In the case of companies with a stock issuance above EUR 5 mln, a prospectus must be prepared which is much more complex than the information document and requires knowledge and experience in corporate and capital markets, as well as knowledge and understanding of accounting and finance. It should include a brief history of the company, a due diligence report outlining the company’s major contracts in effect, the company’s future plans and prospects as well as a description of the offering, description of the underwriting, financial information, risk to buyers, etc.

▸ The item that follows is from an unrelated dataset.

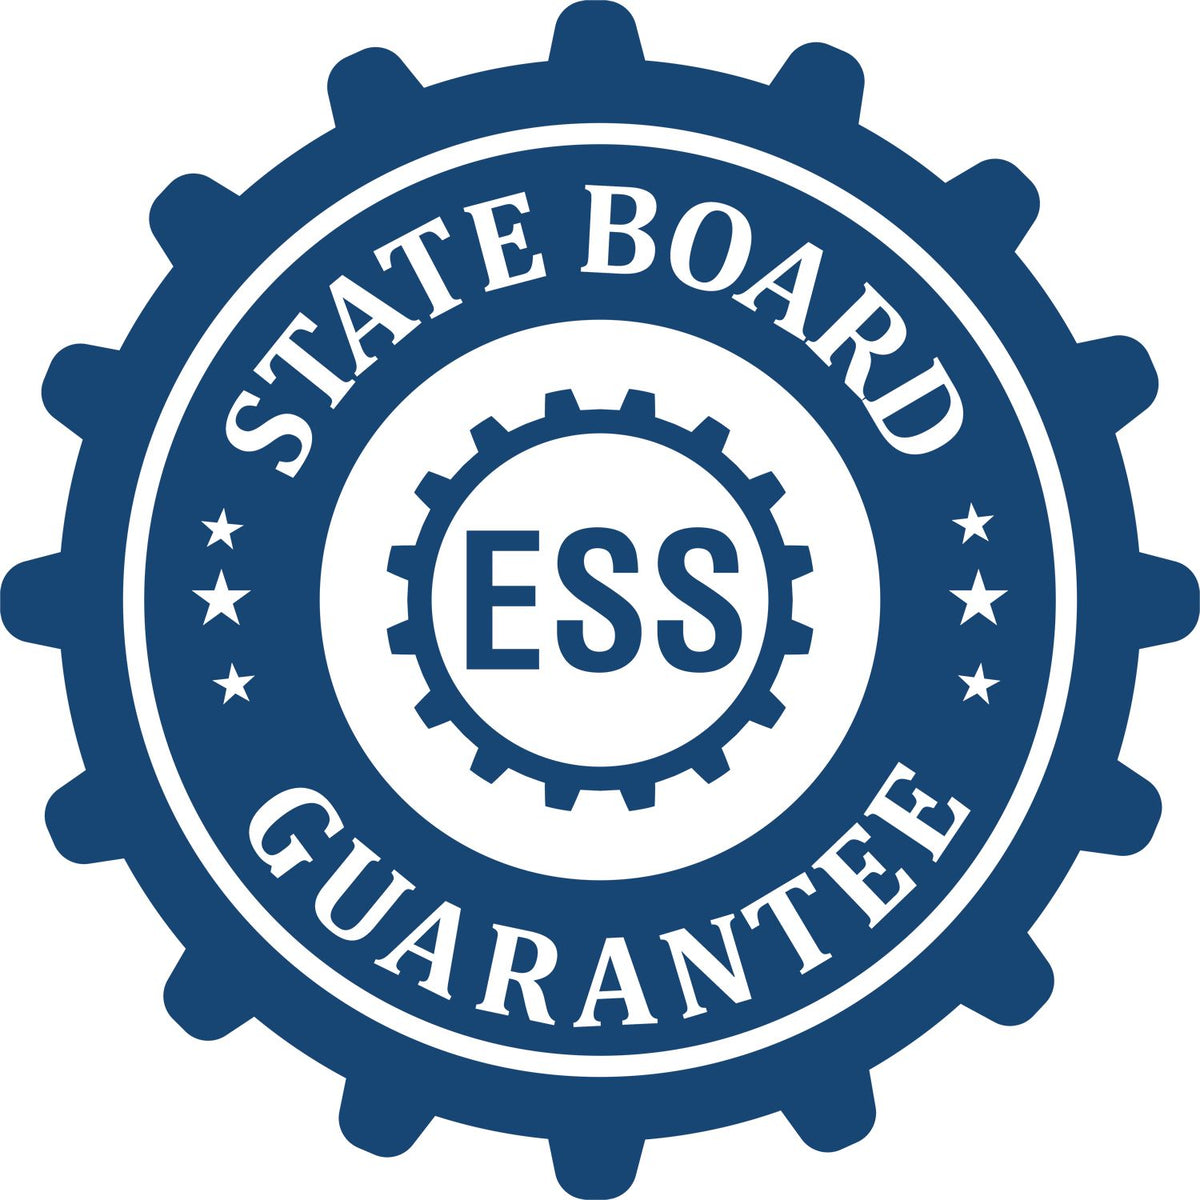 An emblem in a gear shape illustrating a state board guarantee for the Gift Rhode Island Landscape Architect Seal

The transition from being a private company to a public one is a challenging one. Despite the reliefs and exemptions Xtend provides to facilitate a smoother transition, there still remain numerous obligations that are not imposed on non-listed companies. These can include annual and biannual reporting and submitting corporate governance reports. A company might also be required to prepare extraordinary publications or disclosures under circumstances such as when price-sensitive information arises which could directly or indirectly affect the value of or the yield on the issuer’s securities or could be relevant to for the market participants’ investment decisions.

Public companies are also obliged to comply with European Union laws on market abuse, which do not apply to private companies. Market abuse encompasses issues such as insider trading, unlawful disclosure of inside information, and market manipulation. On the plus side, complying with these laws provides and ensures greater transparency.

Xtend-listed companies have the opportunity to gradually warm up to the changes and newly imposed obligations by not taking them all on at once. As they get comfortable enough or sufficiently increase their capital, they can decide to “go the whole hog” and upgrade to BSE’s Standard bourse category – which ultimately is the intented purpose of Xtend and would contribute to boosting the capital markets. Nevertheless, there is no obligation to upgrade, nor is there a limit to the amount of time a that a company can remain listed on Xtend. In addition, companies that decided to test the waters of public trading through Xtend but end up drowning can leave the platform voluntarily through the delisting process.

As of today, there are two companies listed on Xtend with a third oneon the way. GOPD Zrt. has already registered its stocks on Xtend, but the bell has yet to be run to launch its public trading. And hopefully others will have the opportunity to ring the BSE opening bell too. It is an opportune moment for eager and hopeful companies to take advantage of the unique opportunity that Xtend is offering. Without Xtend, CyBERG might not have been able to go public at all let alone so quickly. By ringing the BSE bell, you might just be part of the ringing in of a new and hopefully a buoyant chapter in Hungary’s economy. BSE is Xtending a helping hand, so grab a hold and enjoy the ride!